Among all the respondents, 76 (58.0%) reported that their physician asked about their work duties and the posture that is required during their work. However, only 43 respondents (34.1%) consulted their physicians about their return to work. The majority of respondents (78.6%) underwent medical treatment that was not covered by workers’ compensation (Table 2).

Table 2 Treatment-related characteristics of subjects (n = 131)

In-depth interview results

General characteristics of in-depth interviewees

All 16 participants who completed the in-depth interview were males aged 40 to 54 years. Their compensation duration ranged from 6 to 48 months. Six participants were re-compensated for the same disease. Seven participants returned to the same position after their compensated sick leave. Ten participants were compensated for back problems, such as a lumbar herniated intervertebral disc (HIVD), and six participants were compensated for neck and shoulder diseases, such as myofascial pain syndrome (Table 3).

Table 3 Characteristics of in-depth interview subjects (n = 16)

Categories of workers’ experiences with workers’ compensation for MSD

The in-depth interview participants’ experiences with workers’ compensation for MSD were classified into four categories: workers’ compensation system, medical services, psychological and emotional aspects, and the termination of compensation and return to work.

The participants who completed the in-depth interviews reported that the workers’ compensation system was intimidating and that they received negligible medical treatment.
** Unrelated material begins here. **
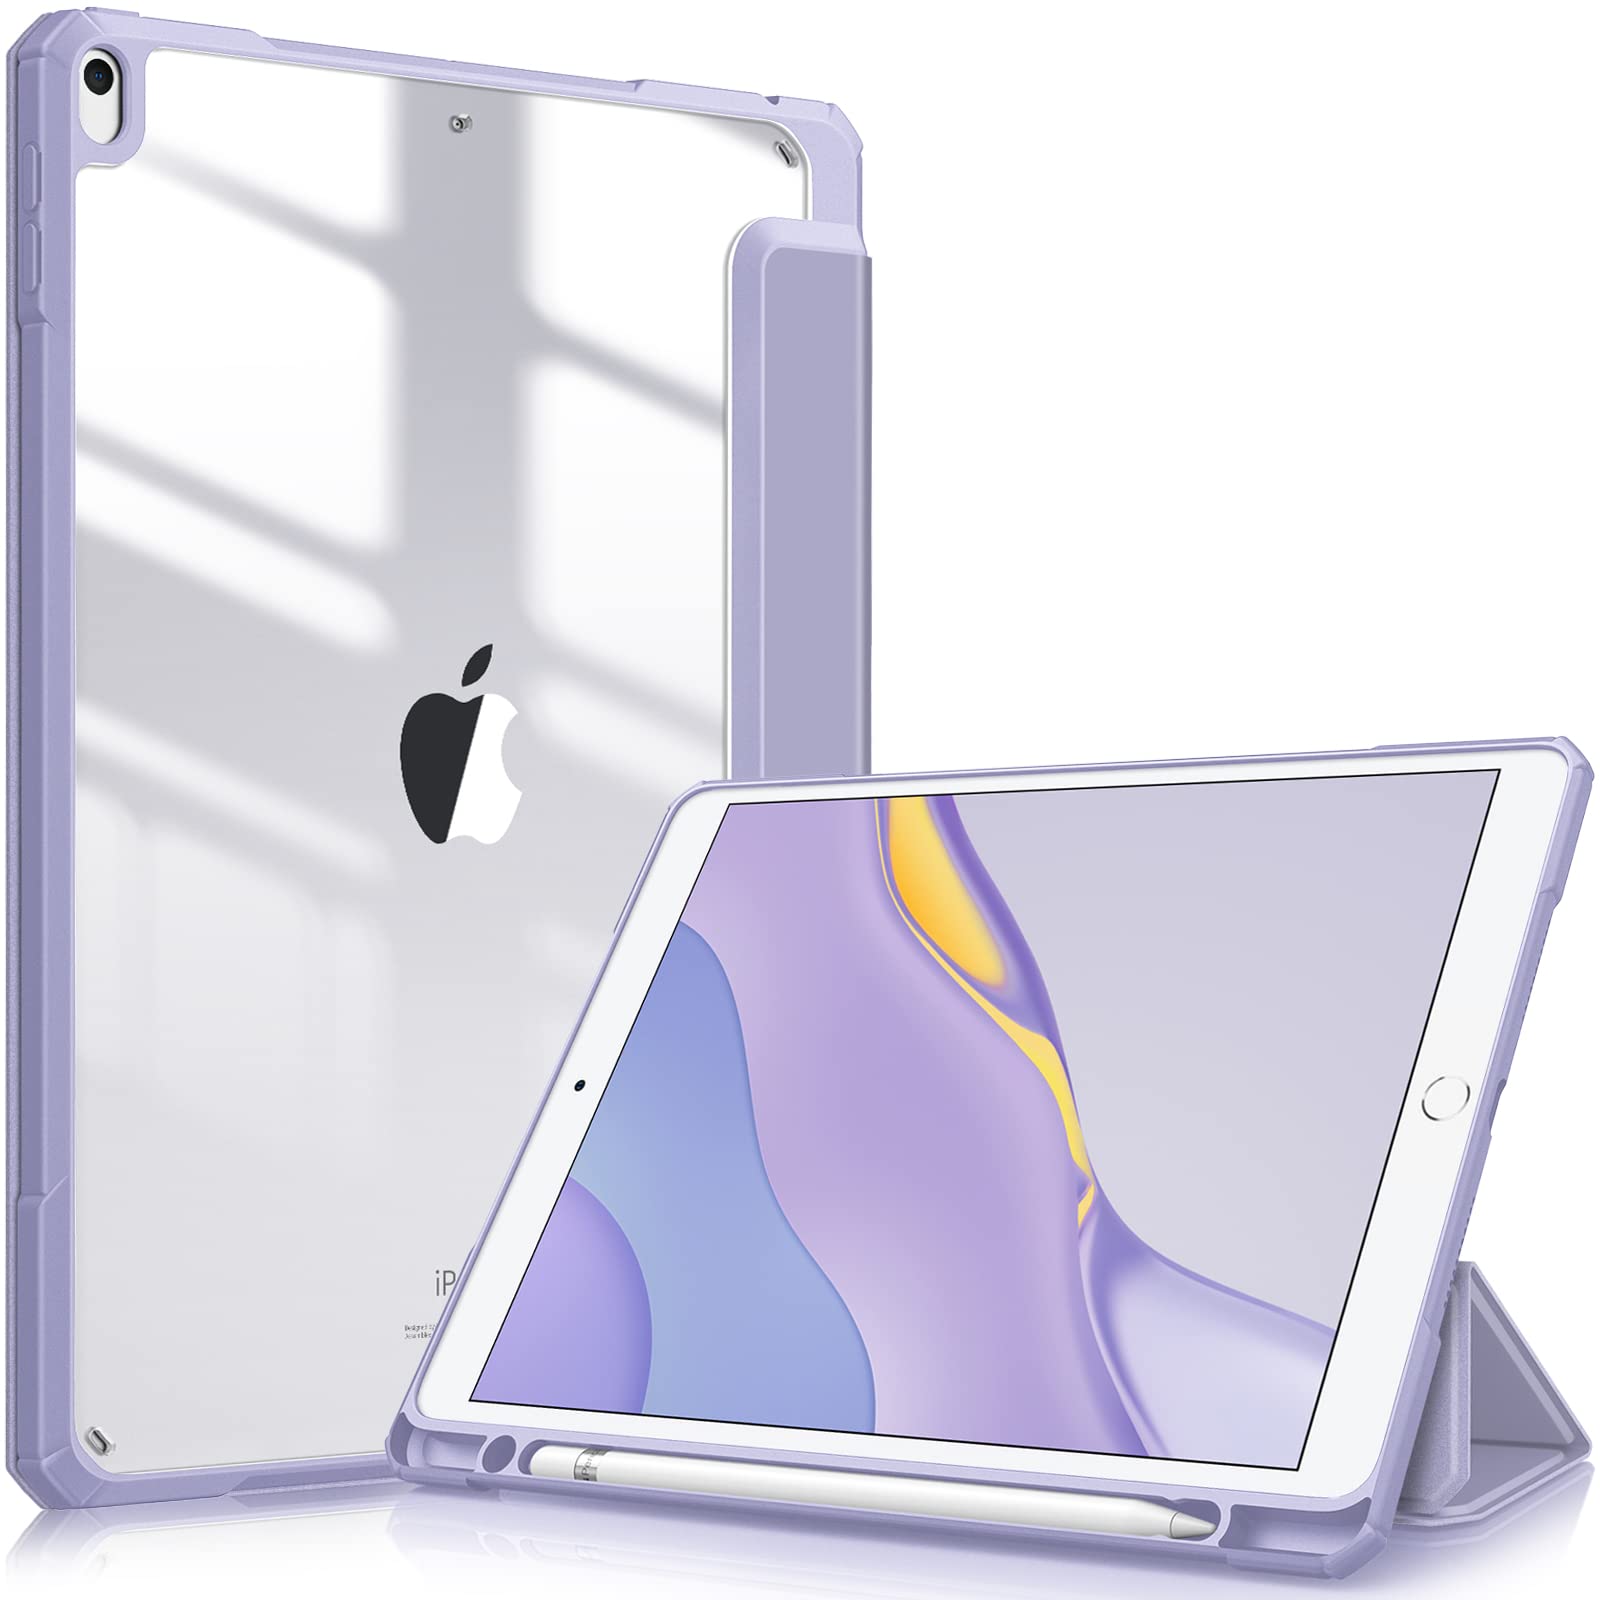 Fintie iPad Air 2019 ケース iPad Air3 10.5インチ / iPad Pro 10.5 2017 透明バックカバー Apple Pencil 収納可能 三つ折スタンド スリープ機能 軽量 薄型 傷つけ防止 PU合成レザー TPU (モデル番号A2152 A2123 A2153 A1701 A1709)(ライラックパープル)

Under these circumstances, injured workers suffered more emotional distress than physical illness, and ended the compensation period and returned to work without feeling fully recovered. The 14 subcategories and 4 categories of workers’ experiences with workers’ compensation for MSD are shown in Table 4.

Table 4 Categories of workers’ experiences with workers’ compensation for musculoskeletal disease

Intimidating aspects of the workers’ compensation system

Many participants reported that the approval rate for compensation was low and that they experienced increased difficulty with gaining approval. Participants felt that KCOMWEL’s effort to shorten the compensated sick leave period was strengthening. Therefore, many participants reported that workers ‘gave up’ applying for workers’ compensation. As a result, participants perceived that workers’ claims for compensation had decreased and that self-paid treatments or company-paid treatments for work-related disease were increasing.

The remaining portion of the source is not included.